Question is if someone has already done it?

Other question: is the chip the chip protecting itself from overheating? If I put some heat spreaders on it and it is not enough cooling I wouldn't like to fry it!

Thanks
asked Dec 30, 2018 in Hardware Questions by poesel (130 points)

1 Answer

+1 vote
yes, we have done it, in fact we originally hoped we could get away with a heatsink but it would have to be so big that we finally opted for a fan.

If you are not in a hurry, you can affix a heatsink (we used 30mm x 20mm x 6mm) using heat-conductive epoxy glue.
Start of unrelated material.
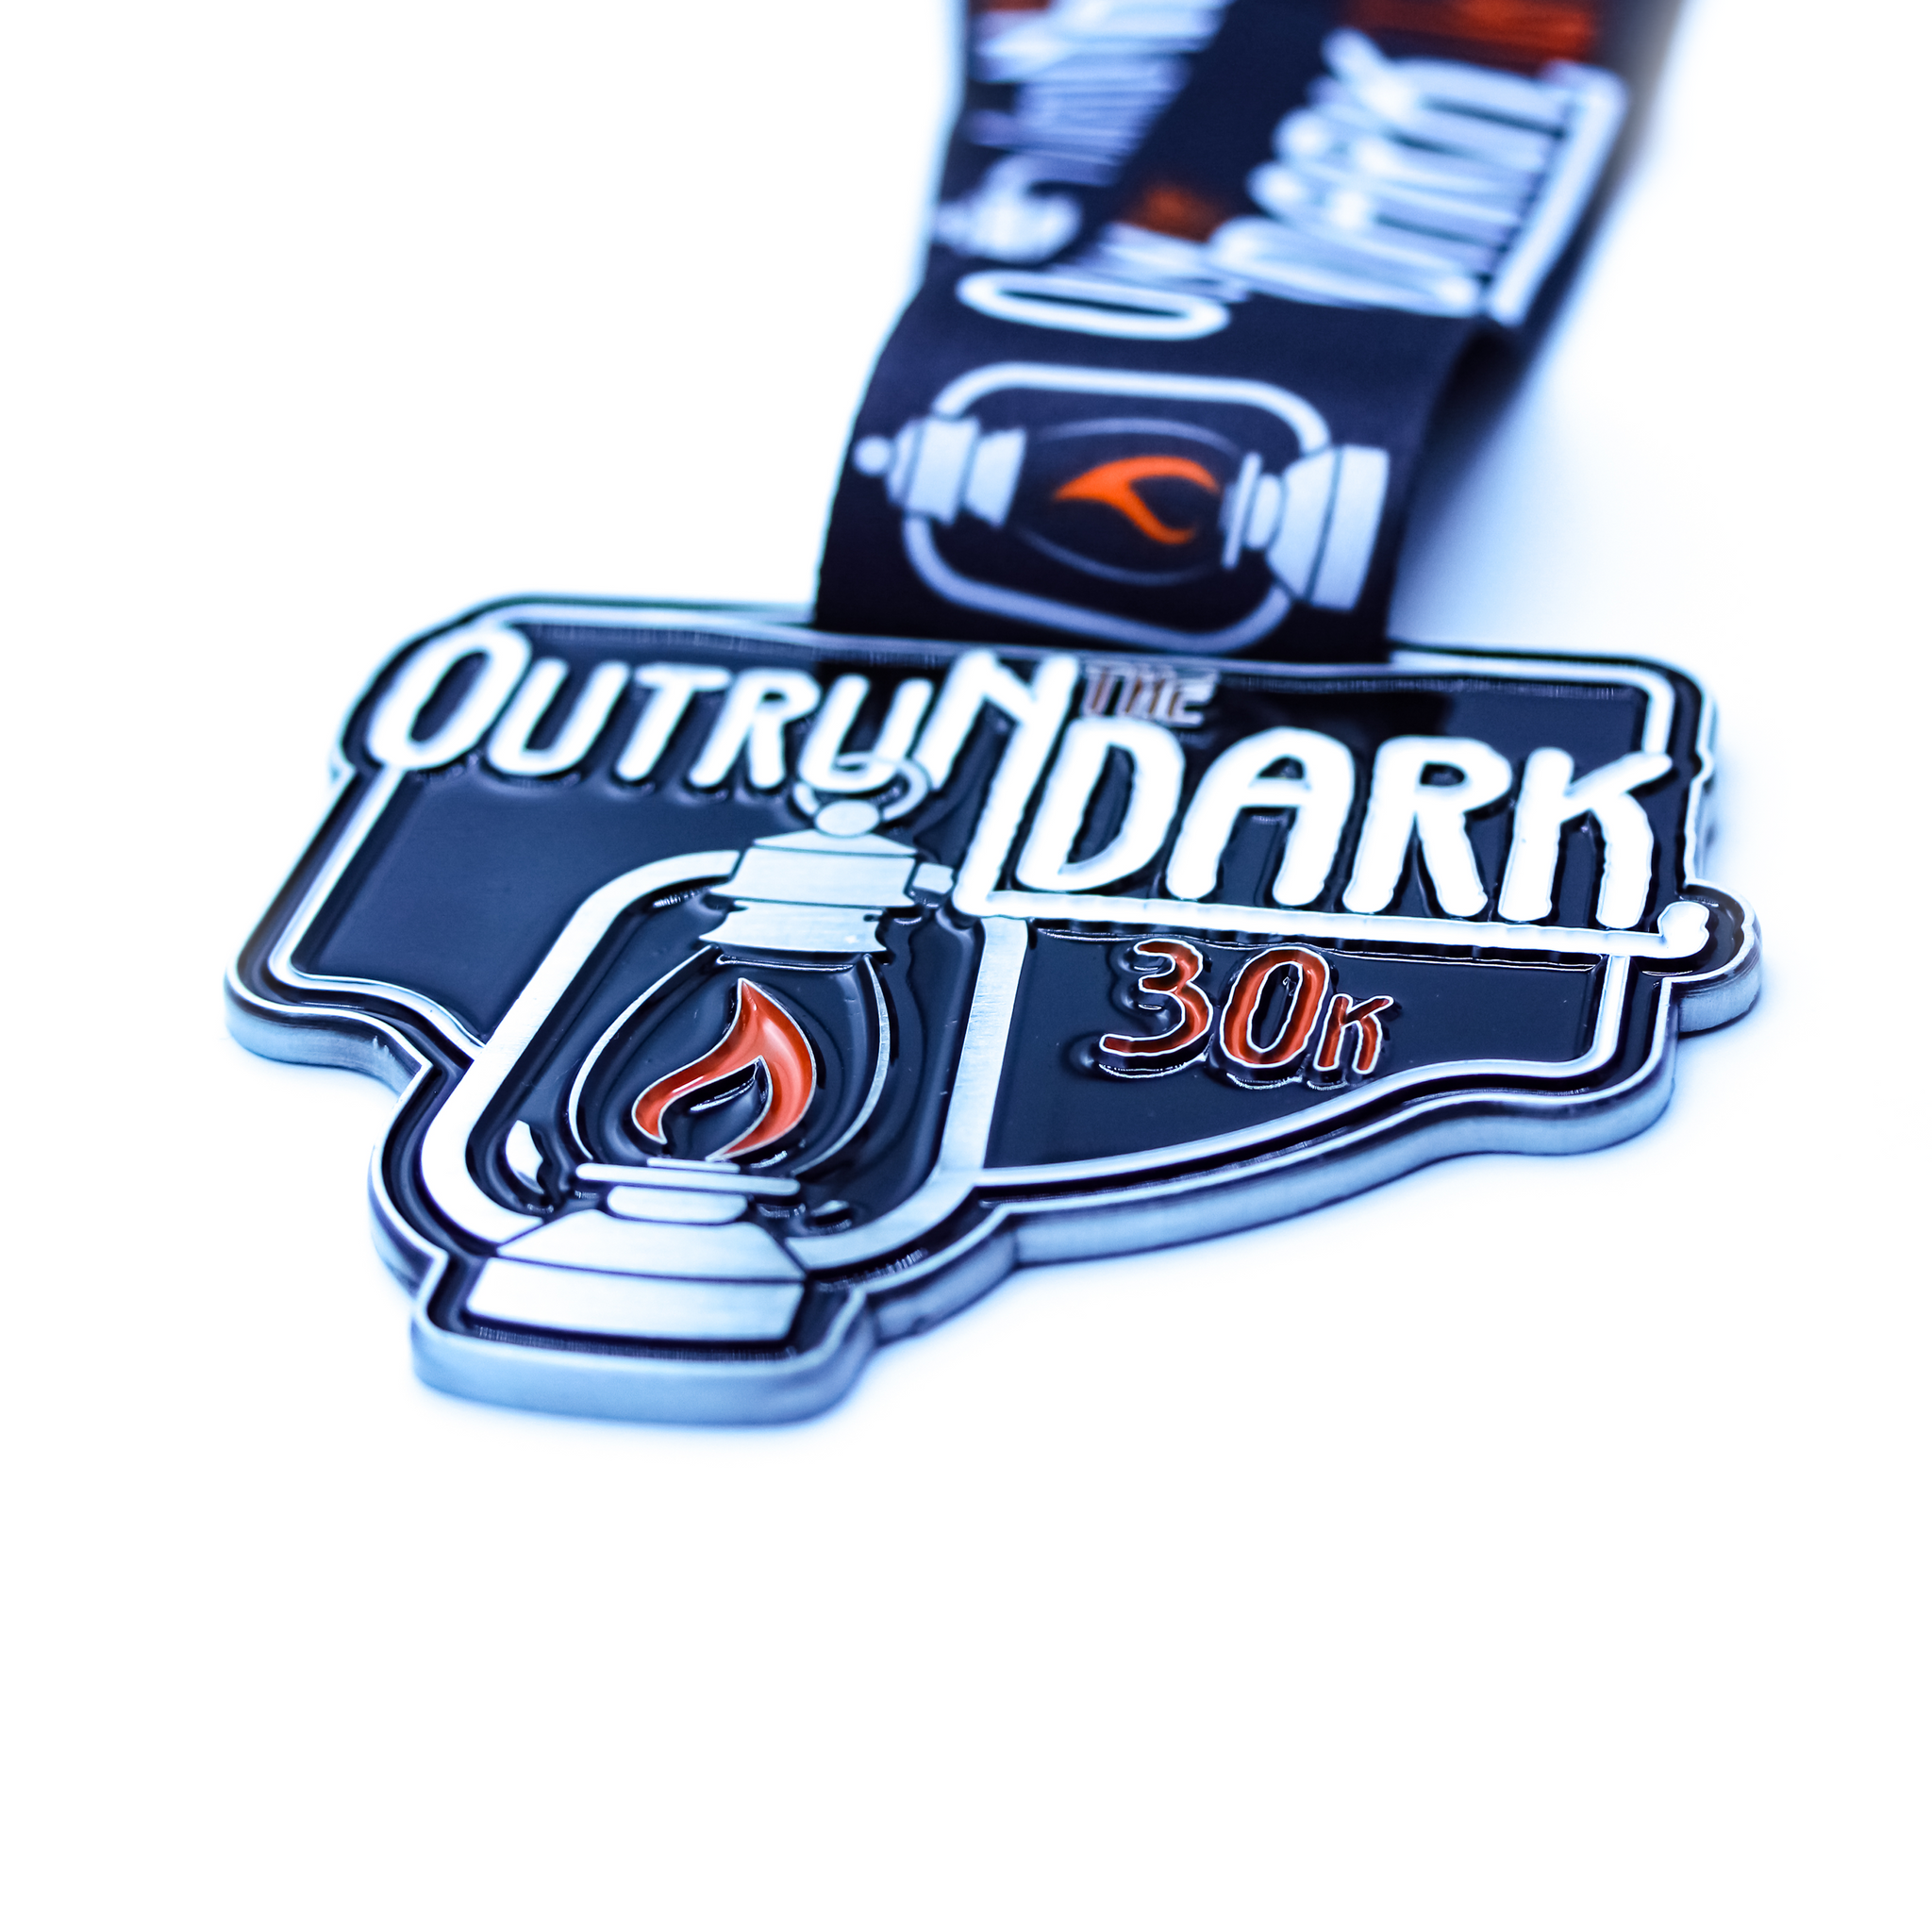 Outrun the Dark Challenge - Entry + Medal

You will quickly overheat under high load (e.g., tensorflow). But you could reduce the CPU frequency using parameter cpumax documented here: http://jevois.org/doc/UserCli.html

for example,

setpar cpumax 600

will cap you to 600Mhz, You should be able to run heavy loads without overheating at that speed. In fact the RPi slows down to 600MHz when it overheats and has no fan.
answered Jan 4, 2019 by JeVois (46,580 points)
If 30x20x6 isn't enough how big does it need to be? Space is of no concern in my application.

If the cooling isn't enough will the automatically slow down?

Thanks
You can find some calculators online by searching for "heat sink calculators", for example https://celsiainc.com/heat-sink-size-calculator/

Assume that the CPU power is 4 Watts (this depends on what algorithm you are running). Then you need data from the kind of heatsink you will use and the kind of glue you will use. Then you can get an estimate of the required size. If you want only natural convection (Rv=800) it could get quite large, like 60 x 60 x 30mm.

Just be careful if your heatsink is wide to protect the solder joints of the header pins that are to the sides of the processor.
we have now posted a heatsink conversion tutorial here: http://jevois.org/doc/Fanless.html

as it turns out, 30x30x20mm with spike-style fins seems to be working great.
Cool - thanks a lot!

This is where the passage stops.